Reputation: 2755
What is the right way to persist data defined using protobuf3. I am using golang and Java, both place with support of ORMs. In java with Hibernate and golang with gorm. Both place i need to convert the Generated code to corresponding Entity model. I feel that is more pain full to maintain same object structure in order to be understandable by ORM. Is there any Database which i can use along with protobuf objects as is. Or i can define the relations between objects in the protobuf itself.
Any helps really appreciated.
Upvotes: 15
Views: 19108
Reputation: 5951
In Go, I don't know about gorm, but it seems that with Ent (a competing ORM) Protobufs can be deserialized into exactly the same objects which are used for DB tables/relations. Ent's official tutorial for that.

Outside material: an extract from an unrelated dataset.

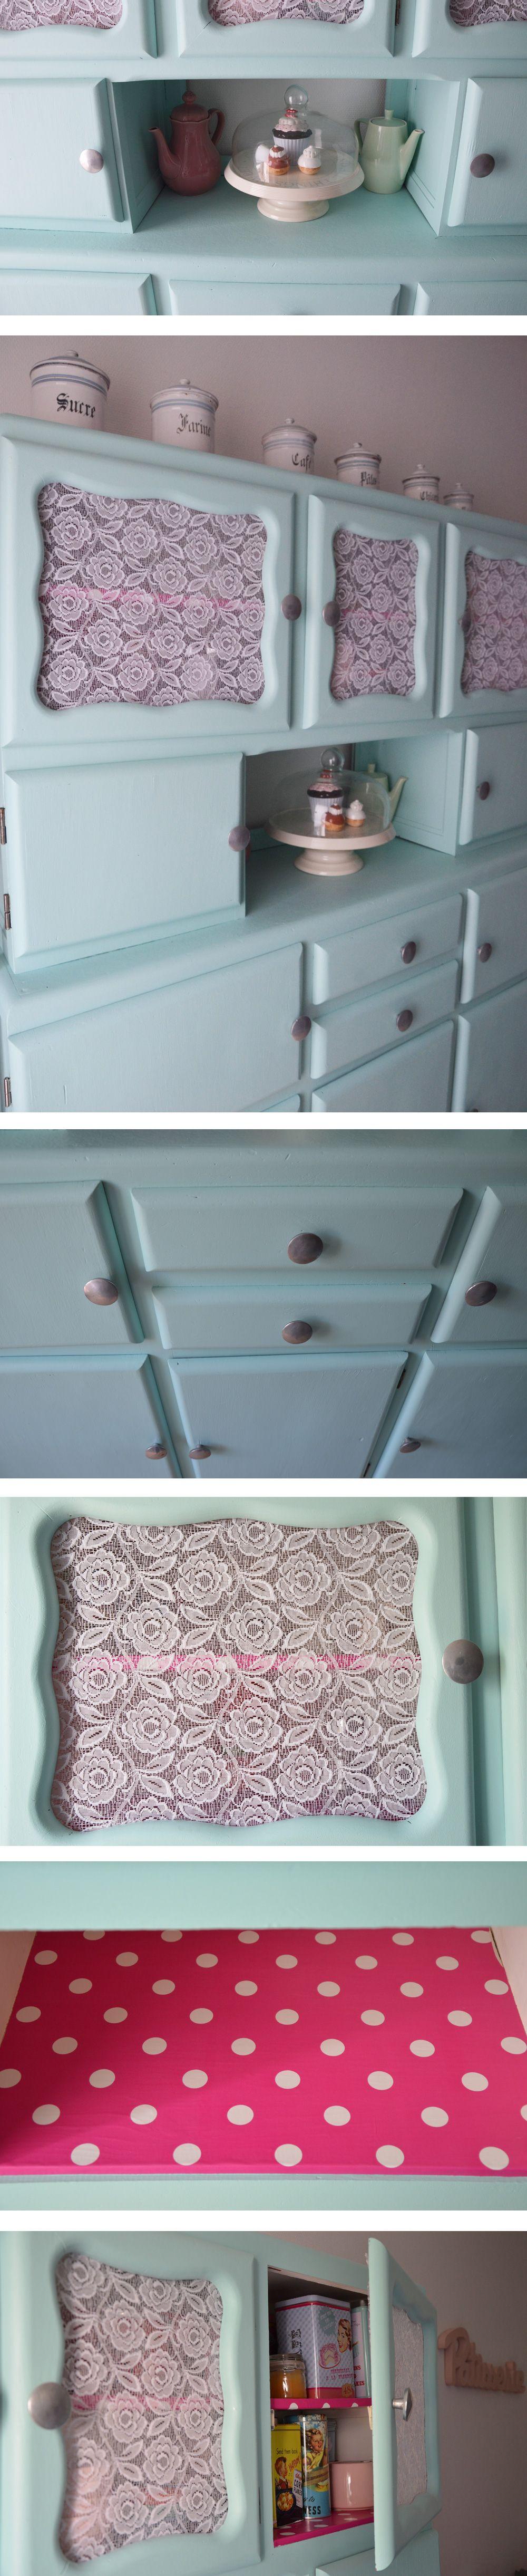 diy relooking de mon buffet vintage des ann es 50 meuble vintage bricolage mill sime des. Black Bedroom Furniture Sets. Home Design Ideas

The caveat is that you specify your Protobuf with Ent's Golang structures, not via the standard proto3
language.
Upvotes: 0
Reputation: 333
Although this question is quite old, things have happened since then and the FoundationDB Record Layer, released by Apple in 2018, stores Protocol Buffer natively.
Upvotes: 0
Reputation: 49221
There is a not-straightforward solution to this problem.

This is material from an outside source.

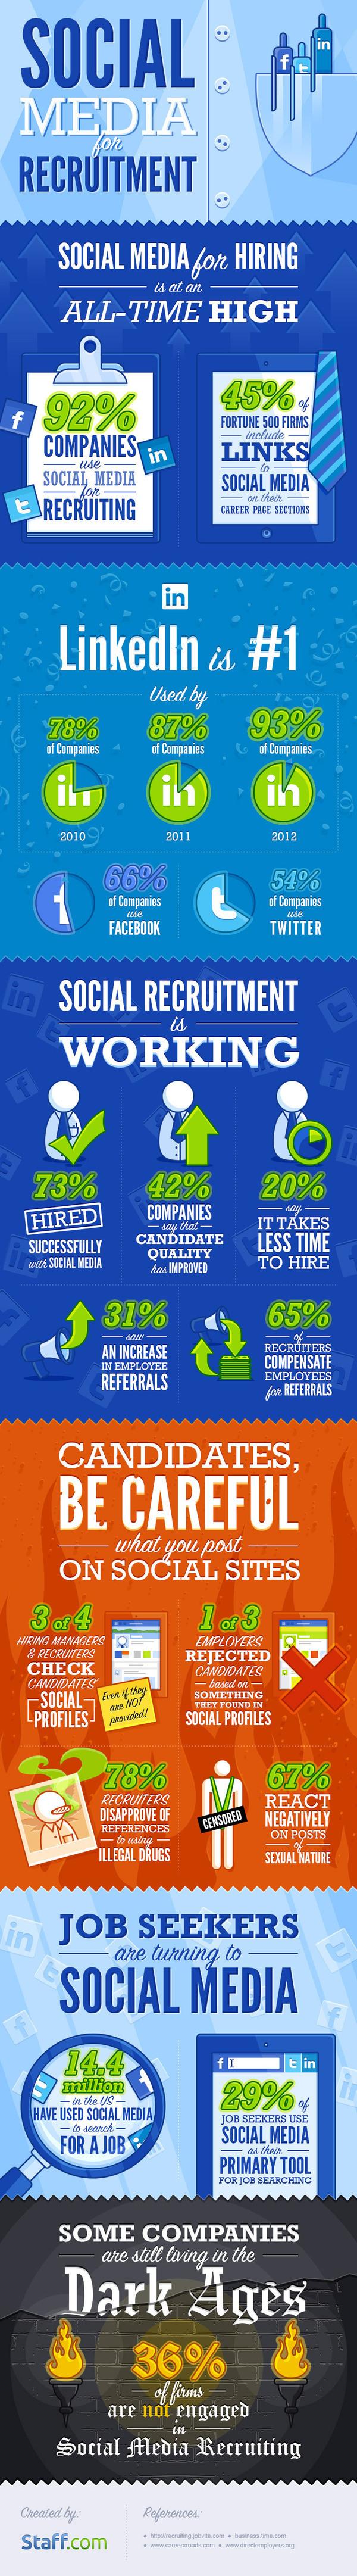 the-power-of-social-media-recruiting_5258d9490deb6

Protobuf 3 standardises JSON mapping for the messages. Once you serialise your message to JSON, you have multiple options for storing it in a database.
The following (and many more) databases can store JSON data:
Upvotes: 3
Reputation: 308938
Your ORM is dealing with objects, by definition. It should not know or care about serialization on the network. I'd suggest deserializing the protobuf message into objects that your ORM is used to and letting it persist them. There's no good reason to couple your persistence tier to the network protocol.
It might make sense to store the protobuf serialization directly if you get rid of JPA and go with a document based solution.
You have to decide how much value JPA is providing for you.